Inductor unwinding calculations?
2 Attachment(s)
Hello people of diyaudio!
I was given by a friend a set of generic Visaton crossover networks (HW2/70NG). I would like to put them in use for a pair of 2 way speakers. I have already established the values for the 2nd order filters using XSim, and i need to lower the 1mH low pass inductor to around 0.56mH (exact value is not critical, what matters most is that i reduce both by the same amount). The inductor has 16 verical layers (or stacks?) by 14 horizontal layers (hope the pictures make more sense). So there should be around 224 turns of 1mm copper wire. The coil internal diameter is 18mm, the outer diameter is 45mm, and the coil hight is 15mm. Is there anyone cunning enough to tell me how many turns should i unwind in order to achieve this value (0.56mH)? 

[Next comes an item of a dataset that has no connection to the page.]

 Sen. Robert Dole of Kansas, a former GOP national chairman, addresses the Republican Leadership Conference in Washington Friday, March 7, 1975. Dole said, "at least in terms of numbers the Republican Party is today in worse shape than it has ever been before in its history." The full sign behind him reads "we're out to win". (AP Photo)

It is probably possible to calculate the required windings for that value using an average winding diameter. Assuming that you are able to measure, I would proceed to remove say 1/3rd of the layers, then measure, then again remove some windings, etc. Should be able to home in to the required value in a few iterations.

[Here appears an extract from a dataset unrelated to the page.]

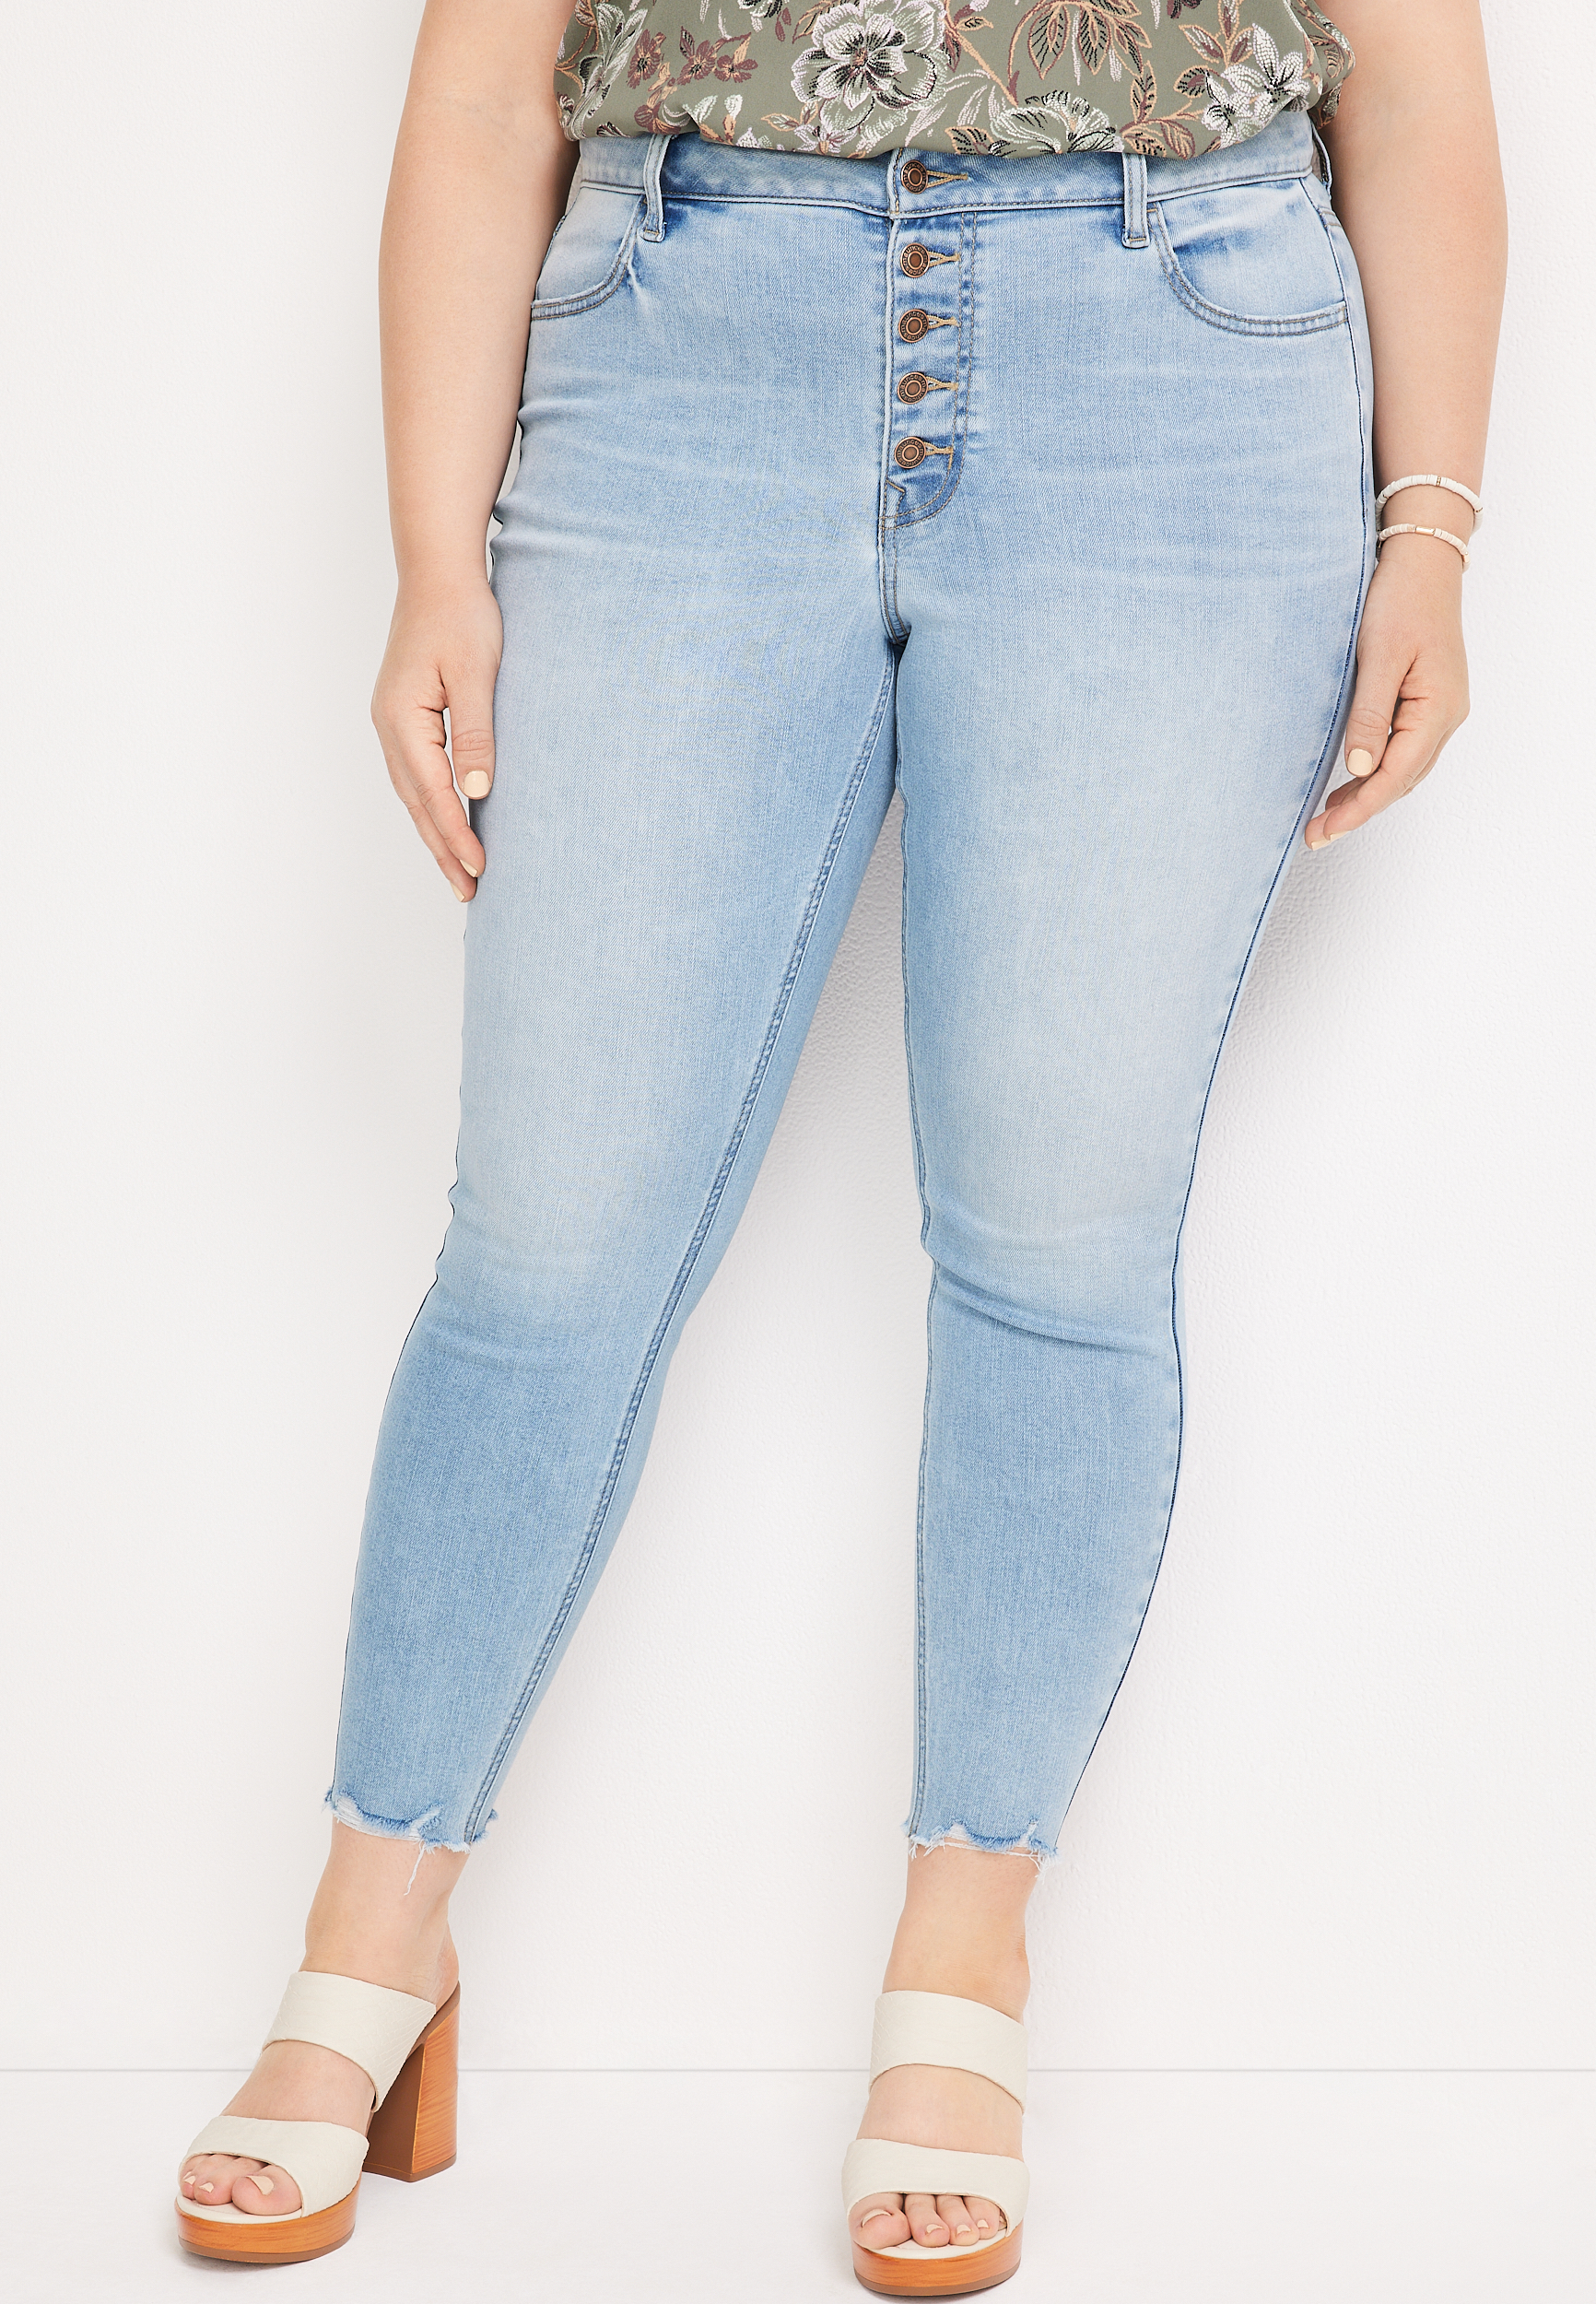 m jeans by maurices™ Cool Comfort Curvy High Rise Super Skinny Jean

After all, this is diy ;) Jan 
1 Attachment(s)
Approximately calculating, there is dcr values on Visaton web for the SP1 air core coils. 0,68 mH= 0,4 ohm; 0,47 mH=0,3 ohm; since there is no 0,56 mH to choose from, the middle dcr value of the two would be about 0,35 ohm. 1 mH = 0,5 ohm, so you'd need to remove the excess of 0,15 ohm of wire to arrive closer to 0,56 mH. Find the characteristic resistance per meter for the copper wire of 1 mm diameter and you can solve for the length of wire by dividing the two values.

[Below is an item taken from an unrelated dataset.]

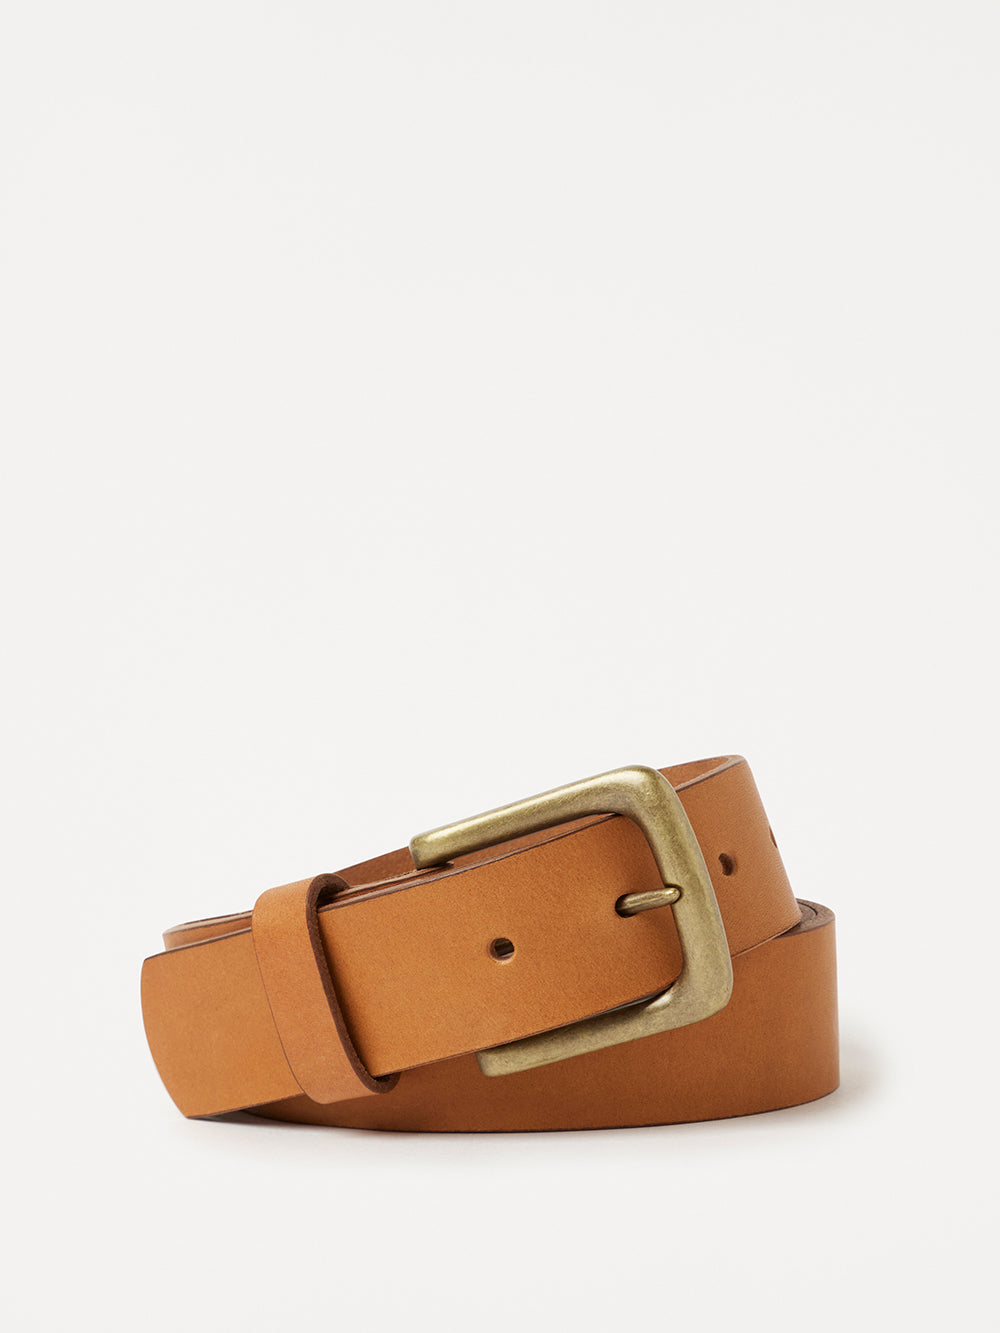 The Classic Leather Jean Belt

You could build this jig to measure directly with a 1 kHz mp3 pure sine wave or search for a coil calculator. 
OK,
after a little more search, i found this really old post http://www.diyaudio.com/forums/multi...tml#post293905 which helped me calculate the number of turns to be removed. If i did this correctly, i should remove around 56 turns. Thanks all! 
Decent LCR meters are only $4050

If i did this correctly, i should remove around 56 turns.
That sounds about right. 
56 turns, or about a 1/4 of the 224 sounds dead right. :)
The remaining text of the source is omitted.